§ **HOW TO COMPLETE THIS TASK**
Set the data down exactly as it stands, and keep its pictures out.

§ **THE DATA**
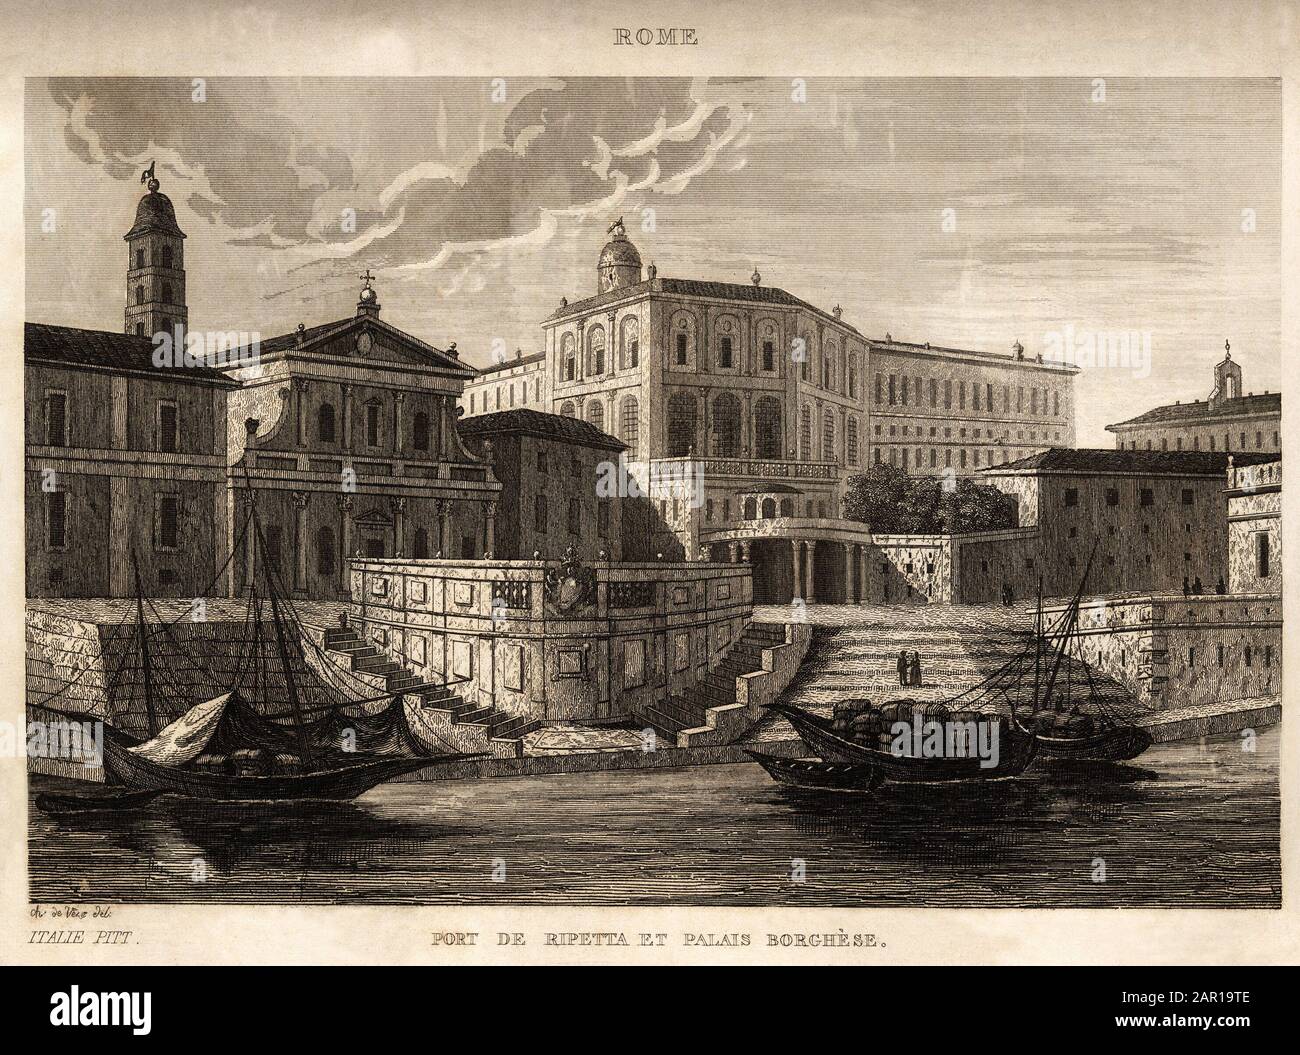 Le port de Ripetta et le palais Borghese a Rome, gravure de Ch. de Vene, in 'Italie pittoresque', Amable Coste editeur, Paris, 1836. Collection Leonar Stock Photo
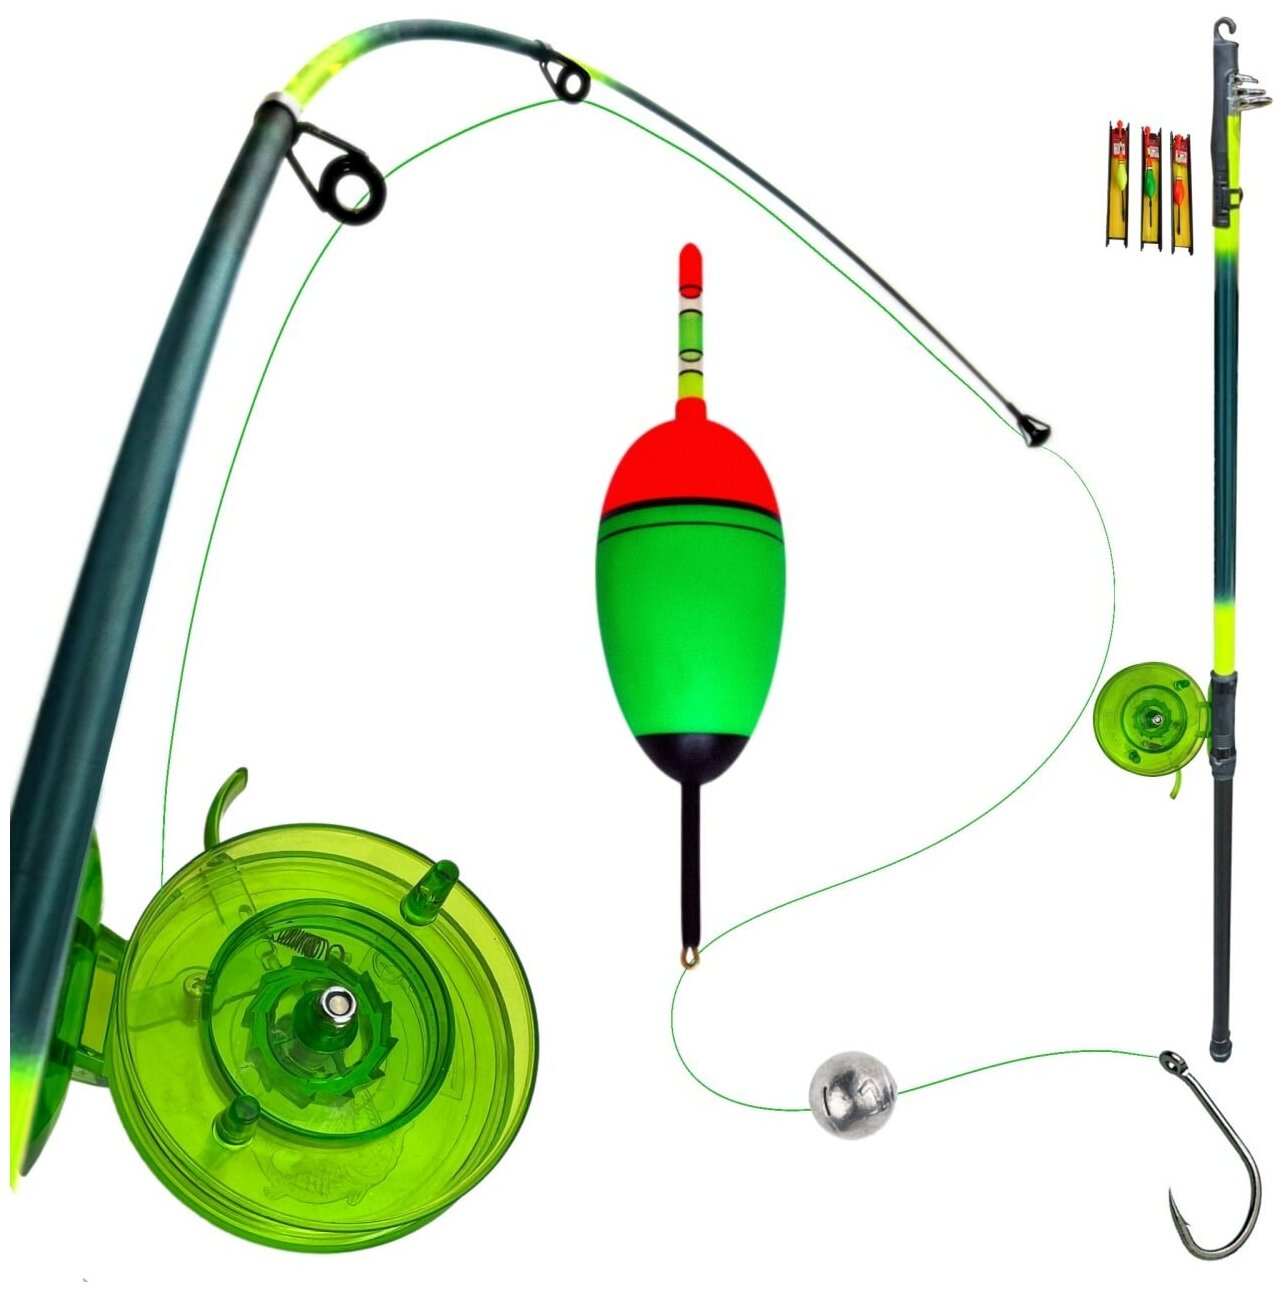 Удочка для ловли на поплавок с набором оснаски, телескопическая, зеленая, 4 м. Набор удочка и оснастка.
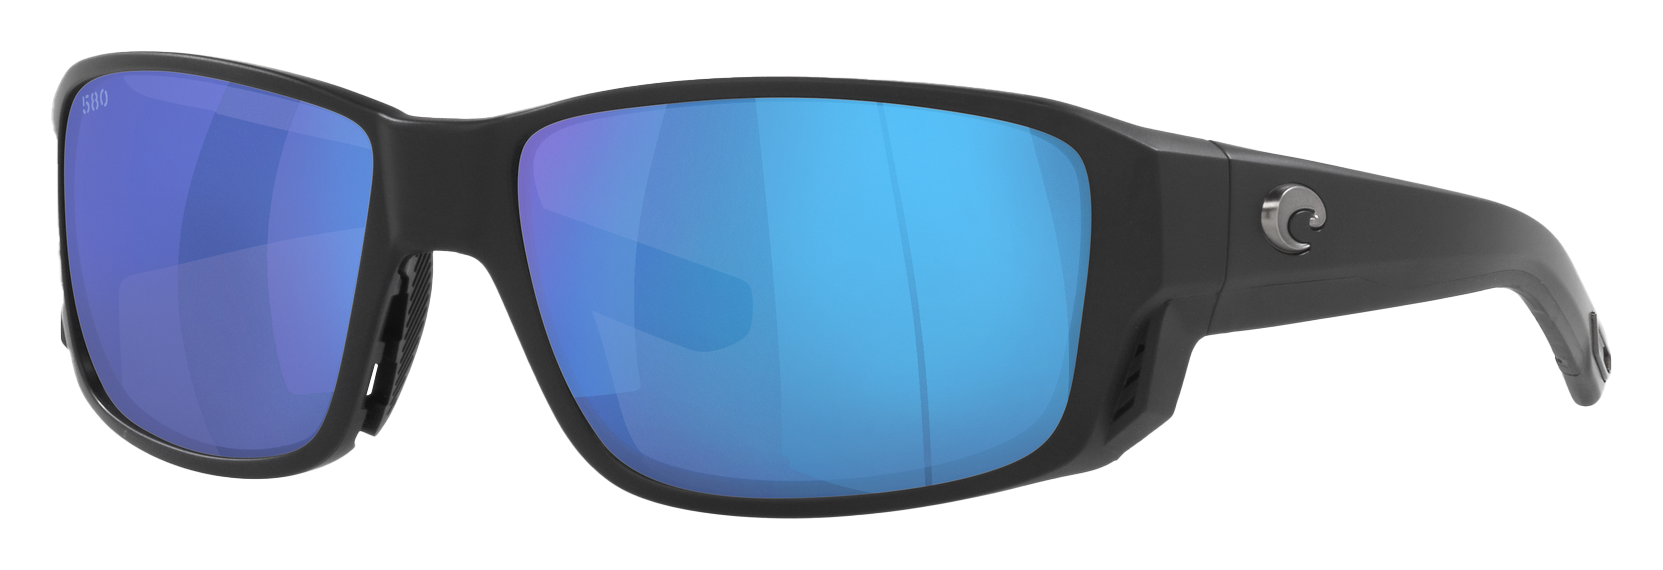 Costa Del Mar Tuna Alley PRO 580G Glass Polarized Sunglasses - Matte Black/Blue Mirror - Large

§ **ANSWER TO THIS EXERCISE**
 Le port de Ripetta et le palais Borghese a Rome, gravure de Ch. de Vene, in 'Italie pittoresque', Amable Coste editeur, Paris, 1836. Collection Leonar Stock Photo
 Удочка для ловли на поплавок с набором оснаски, телескопическая, зеленая, 4 м. Набор удочка и оснастка.
 Costa Del Mar Tuna Alley PRO 580G Glass Polarized Sunglasses - Matte Black/Blue Mirror - Large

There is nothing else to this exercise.